> [WORK INSTRUCTION]
Print nothing but the lines below starting at the line that holds "Maltempo: esonda anche" and ending at the line that holds "Eine schlichte Armspange", including both, each exactly as written.

> [DATA TO PROCESS]
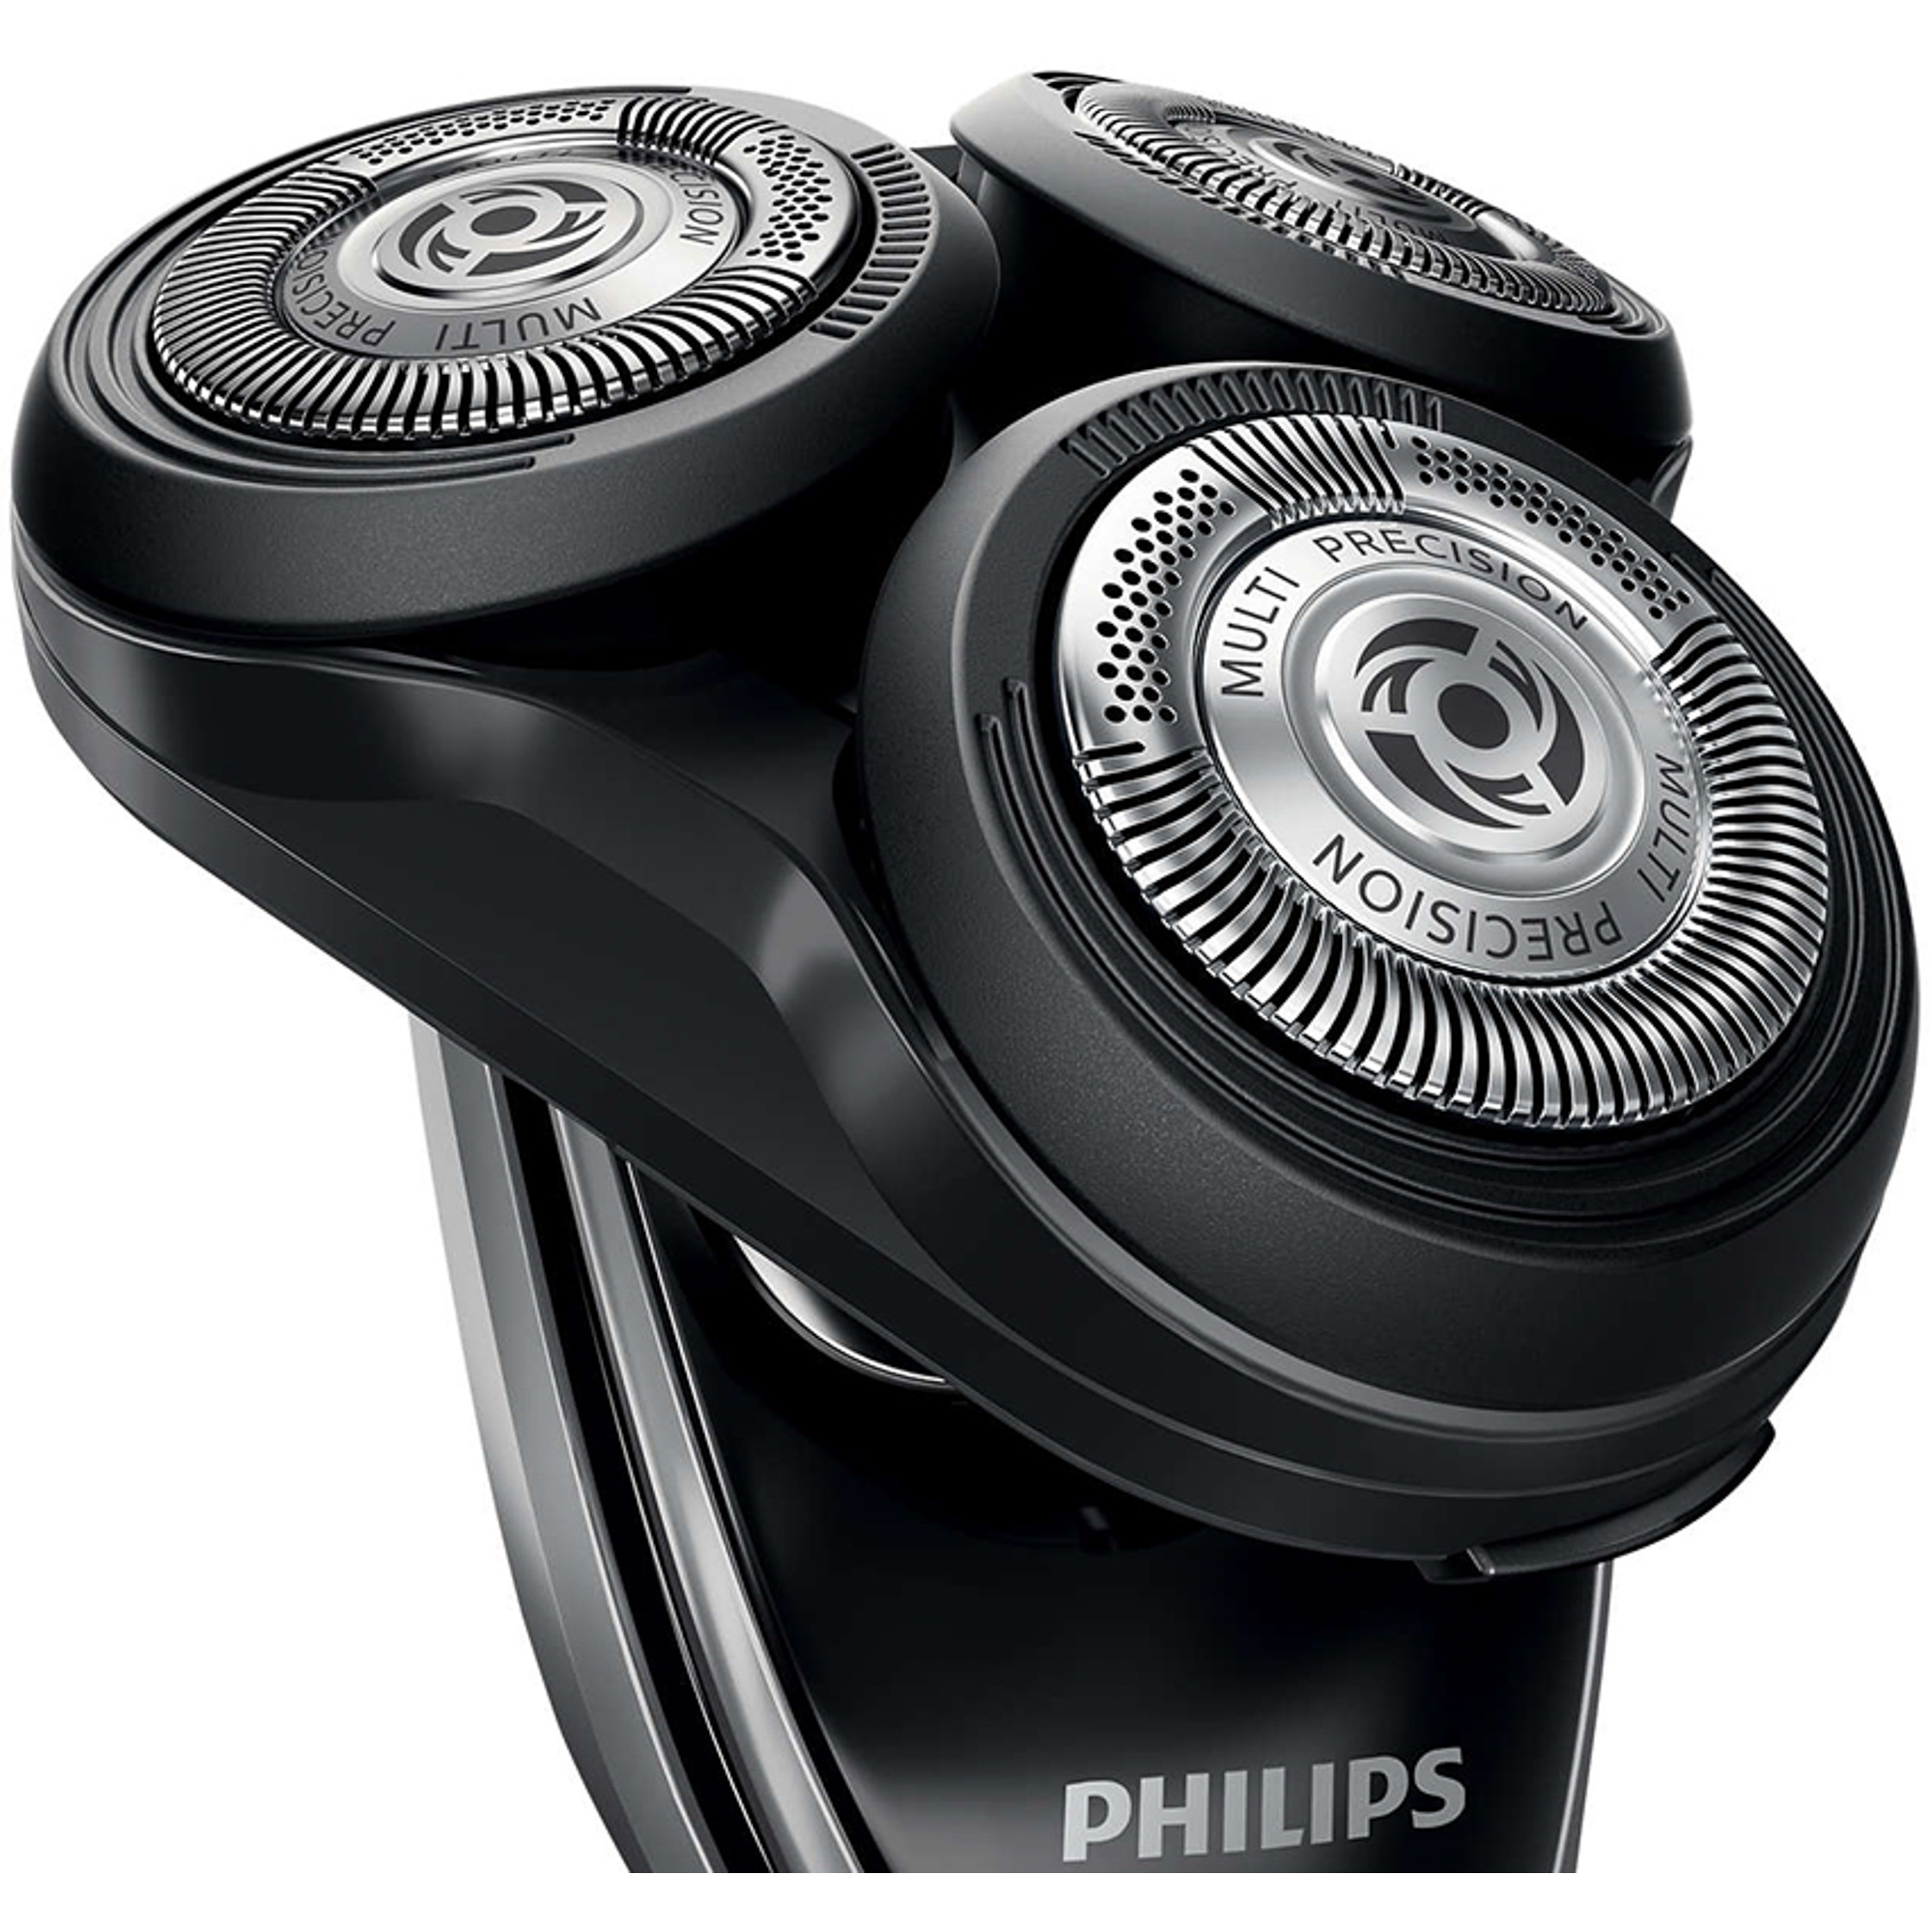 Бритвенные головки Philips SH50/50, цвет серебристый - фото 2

==

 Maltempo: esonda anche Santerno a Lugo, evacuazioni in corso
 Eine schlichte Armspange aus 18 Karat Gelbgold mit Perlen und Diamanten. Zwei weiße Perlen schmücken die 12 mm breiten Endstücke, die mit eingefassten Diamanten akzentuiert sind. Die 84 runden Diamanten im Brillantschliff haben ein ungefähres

--

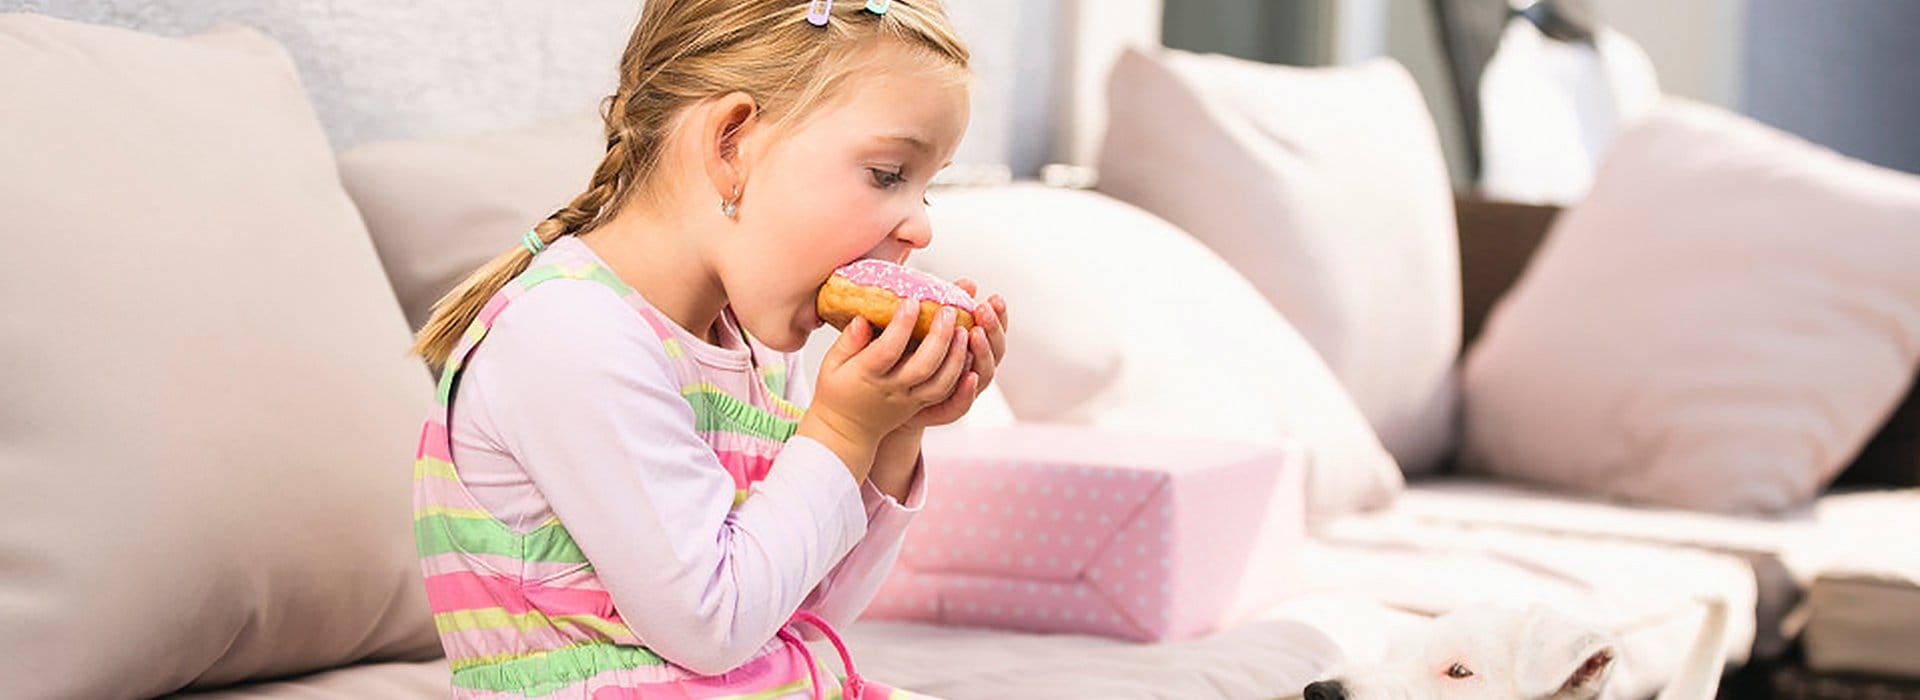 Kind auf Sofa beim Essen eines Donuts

> [YOUR RESPONSE]
 Maltempo: esonda anche Santerno a Lugo, evacuazioni in corso
 Eine schlichte Armspange aus 18 Karat Gelbgold mit Perlen und Diamanten. Zwei weiße Perlen schmücken die 12 mm breiten Endstücke, die mit eingefassten Diamanten akzentuiert sind. Die 84 runden Diamanten im Brillantschliff haben ein ungefähres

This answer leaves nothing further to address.